Until summer 2006, Pluto, one of the outer members of the Solar System, was a planet. However, a meeting of the International Astronomical Union in Prague demoted Pluto, making it part of a group of “dwarf planets,” including Ceres, in the inner Asteroid Belt, Quaoar and Eris in the Kuiper Belt, a system of icy and rocky debris at the outer edge of the Solar System beyond Neptune. These Kuiper Belt objects are extremely difficult to observe, and the task is not something that many amateurs undertake. Nevertheless, some amateurs will attempt to spot Pluto during its opposition, though the use of filters of any kind will be very limiting, as Pluto generally shines at magnitude 13.8 at its brightest.
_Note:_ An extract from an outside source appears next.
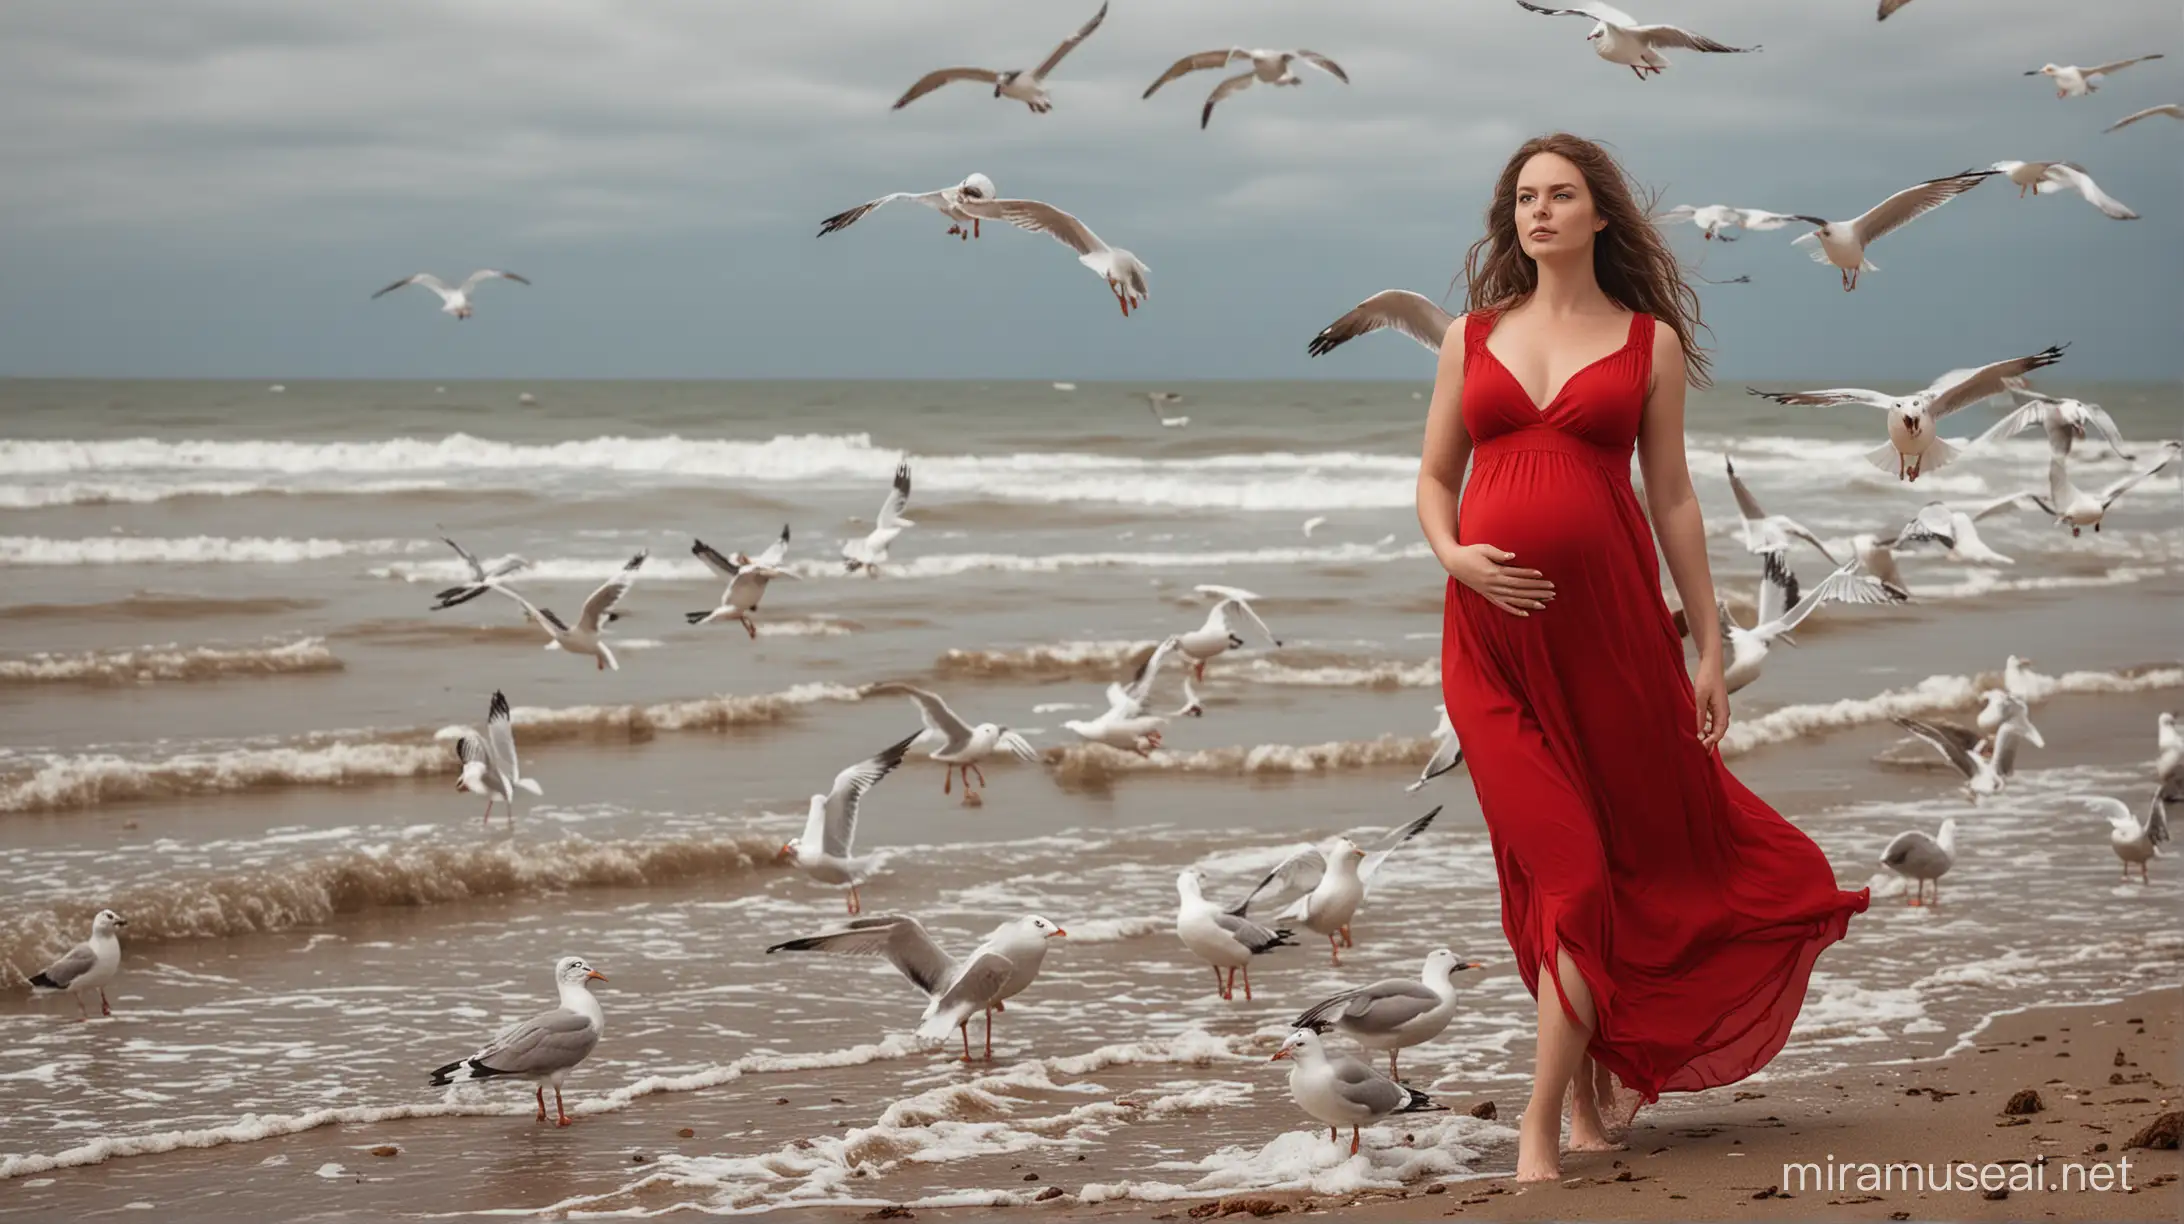 realistic maternity photoset of a girl with blue eyes and brown hair, on a beach, with seagulls flying around her, dressed in a very low-cut and very long red dress that seems to fly

Like Neptune, Pluto was discovered after a “mathematical” search for an object that perturbed the orbits of Uranus and Neptune. Not much hope was held of ever finding a planet this remote from the Sun, and the problem remained until in 1929, Lowell Observatory in Arizona hired a talented young amateur astronomer by the name of Clyde Tombaugh to perform a photographic search. Tombaugh struggled with comparisons of photographic plates, eventually comparing the positions of over one million stars until finally, in February 1930, he found the small body that astronomers had largely forgotten. At an average distance of 8 billion km from the Sun and a diameter of 3,000 km, Pluto is tiny and insignificant visually and requires a telescope of at least 250-mm aperture to view it. Finder charts are printed in astronomical magazines and online for those interested in pursuing this distant object.
Filters for Observing Uranus and Neptune
The presence of high haze layers of methane in both atmospheres and the small angular sizes of each body make observing these planets difficult at best. Although Uranus and Neptune are still fairly bright at magnitudes 5.7 and 8.1, respectively, they subtend tiny discs even at opposition. Uranus is just 4 arc seconds in diameter, and Neptune is 2.1 arc seconds in diameter. Visually, this is about the size of the Great Red Spot and some of the oval storms on Jupiter!
As both planets are predominantly green and blue green, then the use of the yellow Wratten No. 8 or No. 15 may make some difference to your observing, or, if using a telescope of 300-mm aperture try the Wratten No. 25 deep red to see if any cloud features swim into view. However, when one considers that Uranus as observed by the Voyager spacecraft was unremittingly bland and featureless and Neptune revealed subtle cloud belts but is a tiny visual object then any filter use that reduces light transmission is going to affect the image more than the filter can compensate for.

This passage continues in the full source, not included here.